30 АВГУСТА 1918 ГОДА

«11 июня (1918 г.) ВЦИК принял декрет об организации комитетов деревенской бедноты. Беднота стала считать Ильича, о котором так много говорили ей рабочие, солдаты, своим вождем. Но не только Ильич заботился о бедноте: и беднота заботилась об Ильиче. Лидия Александровна Фотиева — секретарь Ильича — вспоминала, как пришел в Кремль красноармеец-бедняк и принес Ильичу половину своего каравая хлеба. «Пусть поест, время теперь голодное», — не просил даже свидания с Ильичем, а лишь просил издали показать ему Ильича, когда он пойдет мимо».

Из воспоминаний Н. К. Крупской

Яков самозабвенно отдавался работе на «комитетском гумне», — так прозвали мы тогда место за околицей, на котором беднота молотила рожь свою кулацкими машинами. Яков торопился сдать «экономический хлеб» волкомбеду. Под «экономическим хлебом» разумелся в ту пору урожай, снятый с кулацких и помещичьих земель, обсемененных еще во времена керенщины. Было строжайшее предписание: «все до последнего зерна сдать для нужд Красной Армии», и Яков дневал и даже ночевал на гумне в стоге соломы, опасаясь хищений.

Однажды он сидел у свежей копны, окруженный вдовами-беднячками да красноармейками, и сладко курил. Осторожная осень уже заметно позолотила край березовой рощи, ставшей теперь достоянием села, желтело жнивье опустелых полей, блестела, как стекло, мелководная речушка в долине, взвивались над выгоном бумажные змеи, пущенные ребятишками, — да, осень вступила в свои права. Бабы охотно балагурили. Яков был доволен исходом дела, и веселое добродушие царило на «комитетском гумне».

Мимо проезжал чужой мужик с базара, ноги его свешивались с грядок и болтались. Не останавливая лошади и не снимая картуза, он крикнул с телеги:

— Здорово, комитетчики! Не сеете, не жнете, а молотите по чужим токам и в житницу, видать, собираете…

— Собираем, — ответил Яков. — А ты что же прищурился на левый глаз, точно подъезжаешь к нам с подгорелым солодом?..

— Гм, — ухмыльнулся тот ядовито, — а вашего главного хозяина в Москве, кажись, подстрелили…

— Что городишь чепуху! — сказал Яков. — Вражье это пустобайство.

— Глядишь, брат, недолго вам царствовать, без главного всех вас расшугают… народ только об этом и судачит на базаре…

— Стоп! — закричал Яков, вскакивая. — Бабы, поднимайте грабли, не иначе, как он кулацкий агитатор, которого изловить надо!..

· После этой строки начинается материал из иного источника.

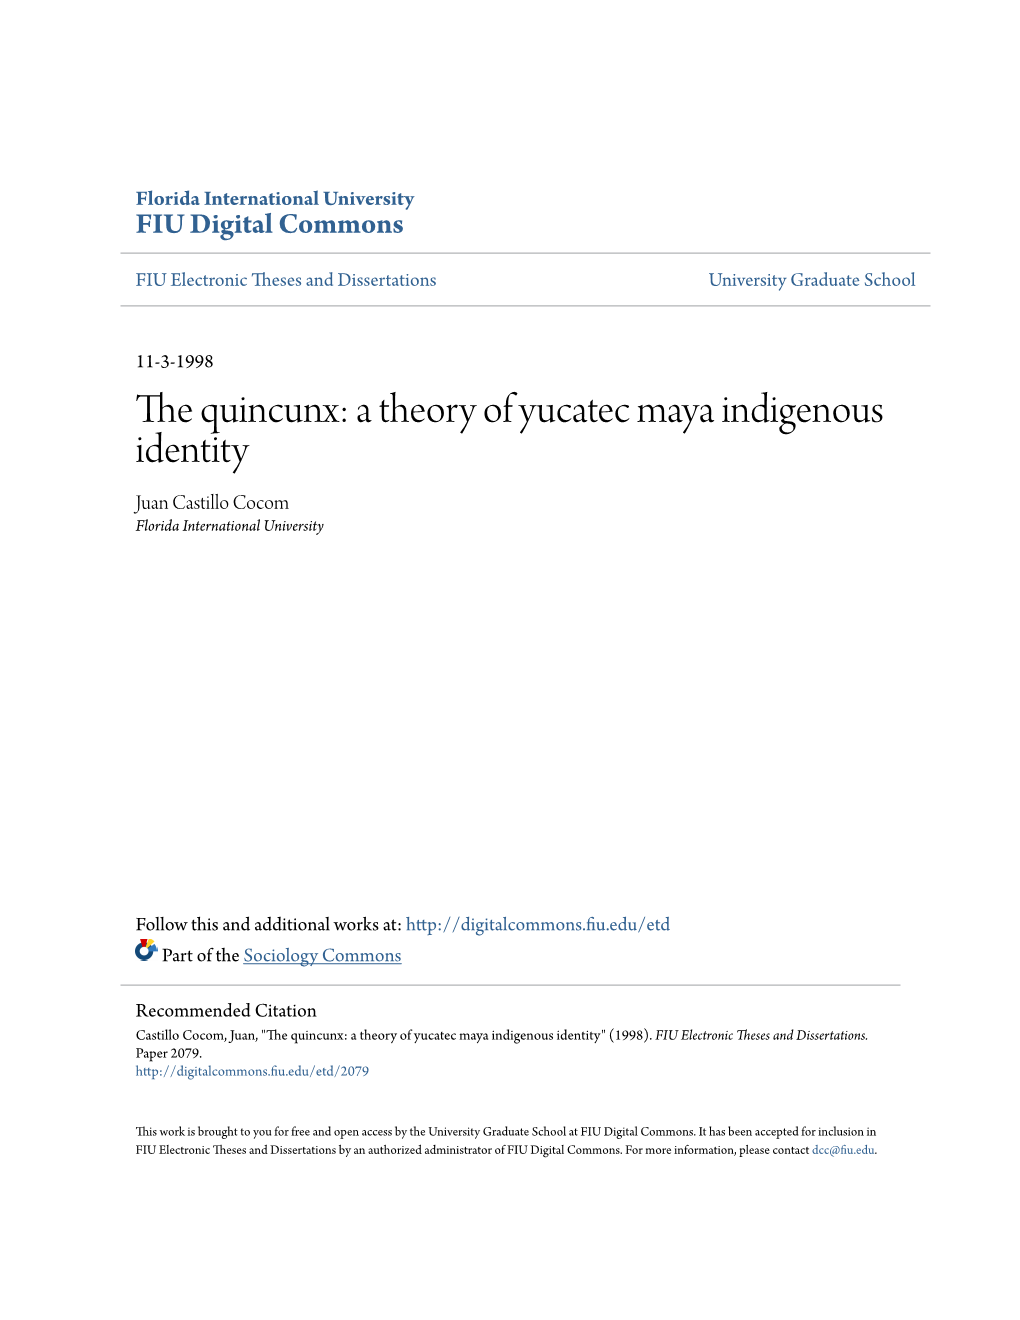 The Quincunx: a Theory of Yucatec Maya Indigenous Identity Juan Castillo Cocom Florida International University

Яков метнулся к лошадиной морде, а бабы громко закричали, побежали гурьбой к телеге, махая граблями. Мужик круто повернул лошадь в сторону и подряд три раза хлестнул ее березовым прутом по крутому крупу. Горячая кобыла взлягнула копытами и резко помчалась по жнивью. Мужик не переставал хлестать ее, стоя в телеге на коленях. Вскоре лошадь далеко оставила позади наших баб и выехала на дорогу к выгону.

Когда Яков вернулся к ометам, добродушие его было утеряно. И пока бабы неистово ругали мужика, он продолжал хранить тяжелое молчание. С базара между тем проезжали мимо и другие люди, но Яков заговаривать с ними не решался. Вот появился наш сельчанин, он поднял картуз, приветствуя нас, и остановил лошадь.

— Нехорошие слухи, Яков Иванович…

— Чем же они нехорошие? — ответил тот сурово. — Ездите вы по базарам, треплете языками, чтобы народ мутить, всякую глупость разносите по деревням, как распустехи-бабы, всякой кулацкой штучке верите. И ты, поди, скажешь, что Ленина сгубили?

— Господи, да не я один, все это говорят…

— Мало им конфискации, вредной породе! — закричал Яков, и седой клок волос запрыгал у него на виске. — Мало им комбедов, лютому сословию, мало им нашей жесткой руки, все им мало! Им надо кнутьев, батогов, чтобы присмирели навек, чтобы язык онемел и руки отсохли!.. Никто не может Ленина убить, когда весь народ его сторожит…

— Что ты на меня кричишь, — я продаю за то, за что купил. Я сам испугался, весь задрожал, такие вести прослыша, вот спросить тебя пришел.

— Враки! — отрезал Яков. — Все враки, пущено врагом, чтобы нас запугать. Иди и вперед этого не болтай, иначе в комитет вызову и задам тебе здоровую трепку.

Мужик смирно перекрестился в телеге и поехал, не оглядываясь. Яков подсел к нам и даже попробовал шутить, но это ему не удавалось и только нас пугало. Было ощущение какой-то нависшей беды, о которой вслух говорить не хватало духу. С базара все еще ехали пьяные, распевали озорные песни, лежа в телегах, и когда поравнялась с нами, то до нашего слуха донеслись обрывки их речей:

— Песенка их спета…

— Чех да словак на Волге, а может быть, уже в Москве, недаром до главного добрались…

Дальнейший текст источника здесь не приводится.